Anacardium occidentale

Anacardium occidentale L. (Anacardiaceae)

(2n = 24, 40, 42)






English name: Cashew nut.

Vernacular names: Asm : Kaju badam; Ben: Hijli badam, Kaju badam; Guj, Hin, Mar and Pun: Kaju; Kan : Gerupappu; Godambi; Kon: Kaz; Mat: Kashumaru, Parankimara, Andiparuppau; Ori : Lanka badam; Tam: Mundiri, Munthirikai; Tel: Jidimamidi, Muntha mamidi.

Trade names: Cashew nut, Kaju.

Traditional use: Cashew nut shell-oil: mild purgative, used in folk medicine for treatment of hookworm, cracks on soles of feet, warts, corns, leporus sores.

Modern use: Cashew nut: used in mental derangement, sexual debility, nervous prostration following seminal emission, morning sickness in pregnancy, palpitation of heart, rheumatic percarditis, loss of memory as a sequel to small pox; Kernel: good for week

patients suffering from I incessant and chronic vomiting; Kernel-oil: antidote for irritant poisons; Liquor made from fruit: diuretic.

HOMOEOPATHY : for boils, warts, wounds and different types of cracks in legs; used sometimes in case of leprosy.

Phytography : Small tree with short, thick, crooked trunk; leaves simple, alternate, petiolate, entire, hard, 10­20 cm by 7.5-12.5 cm; panicles terminal, bracteate, pubescent; branches long, naked to the tips; flowers yellow with pink stripes, 0.8 cm in diameter; cashew apple red or yellow-is the swollen, enlarged pedicel which bears the nut.

Phenology: Flowering: March-April; Fruiting: April-May.

Distribution: Native to tropical America, naturalised in the hotter sea-shores of India; Pakistan, Bangladesh and Malaysia.

Ecology and cultivation: Introduced; grows in plains, especially towards the coast, very occasionally ascending up to 1200 m; being extensively planted by clearing scrub jungles in the plains.

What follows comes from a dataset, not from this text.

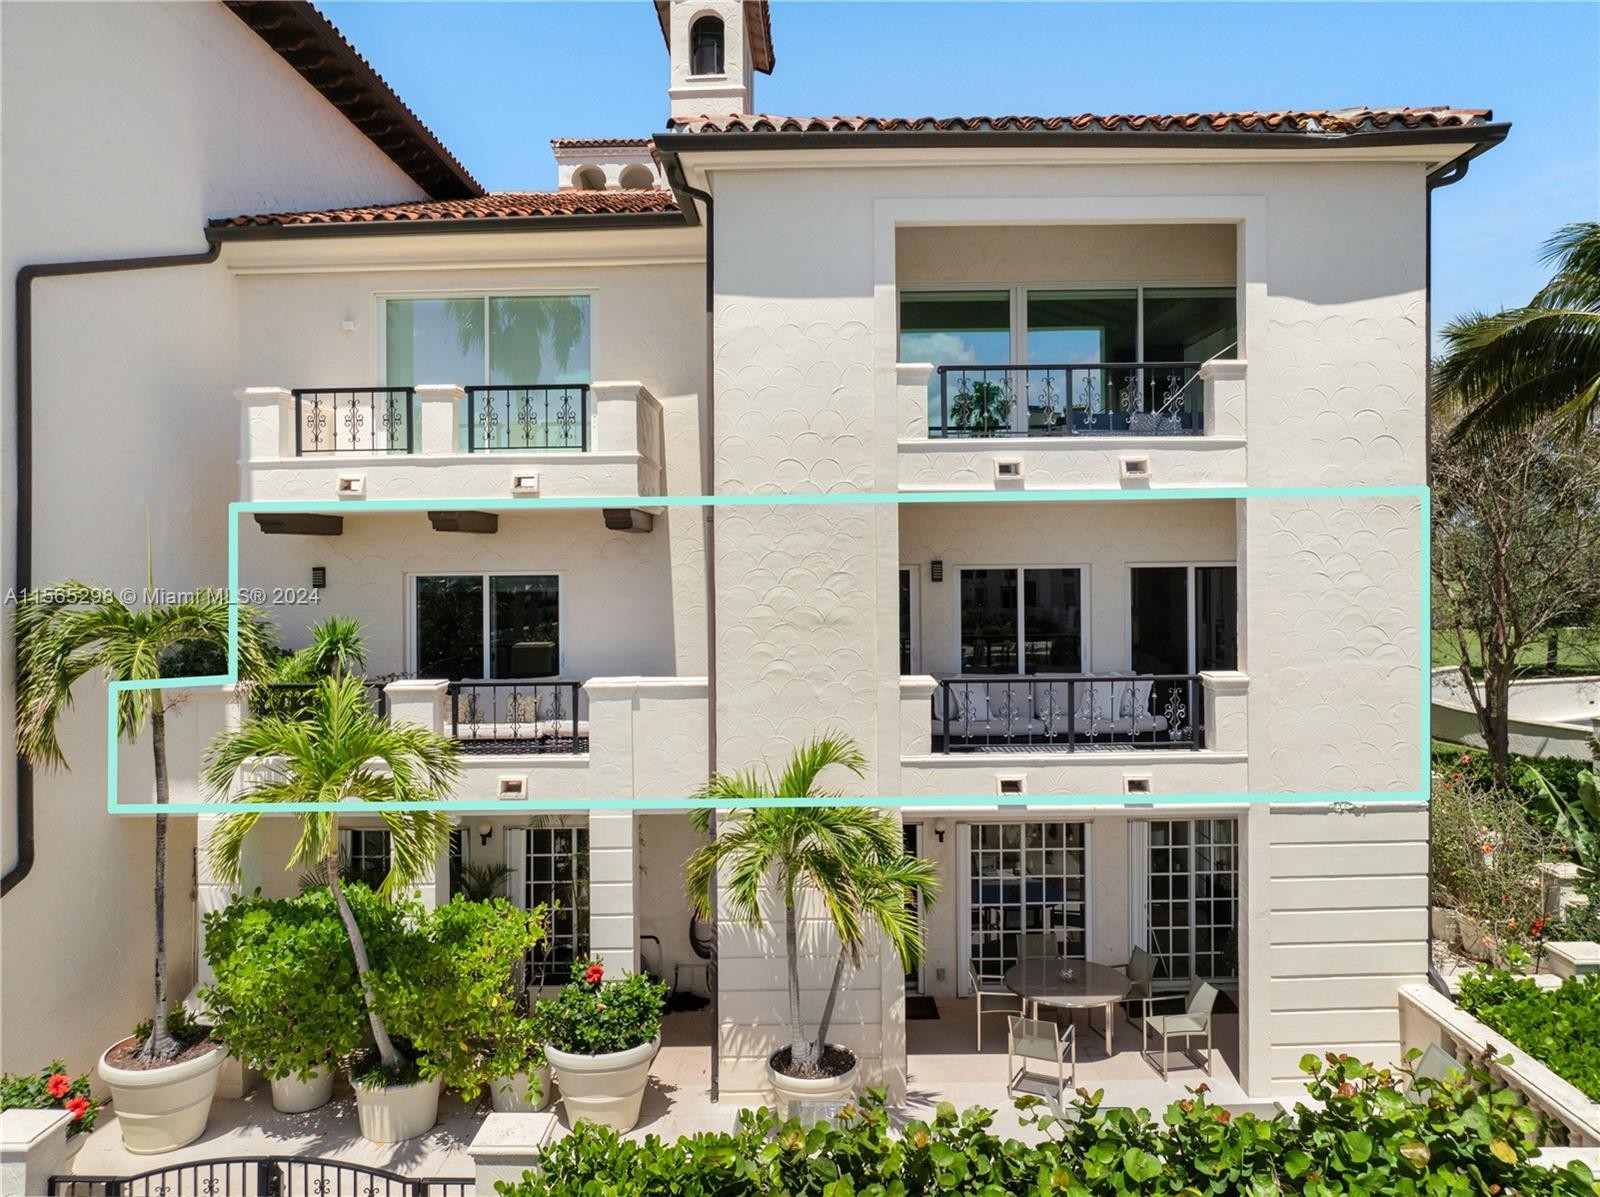 27. 2221 Fisher Island Dr

Chemical contents: Bark: exudes gum; Flower: polyphenols; Cashew shell: yields gum, oil and liquid (CNSL); Liquid-free nutshell: syringic and gallic acids, galocatechin; Defatted nutshell: naringenin, prunin-6"-O-p-coumarate; Cashew apple liquor: vitamin C, vitamin E; Reddish brown testa: D-catechin, gallic acid, caffeic acid, quinic acid, polyphenols, bioflavone.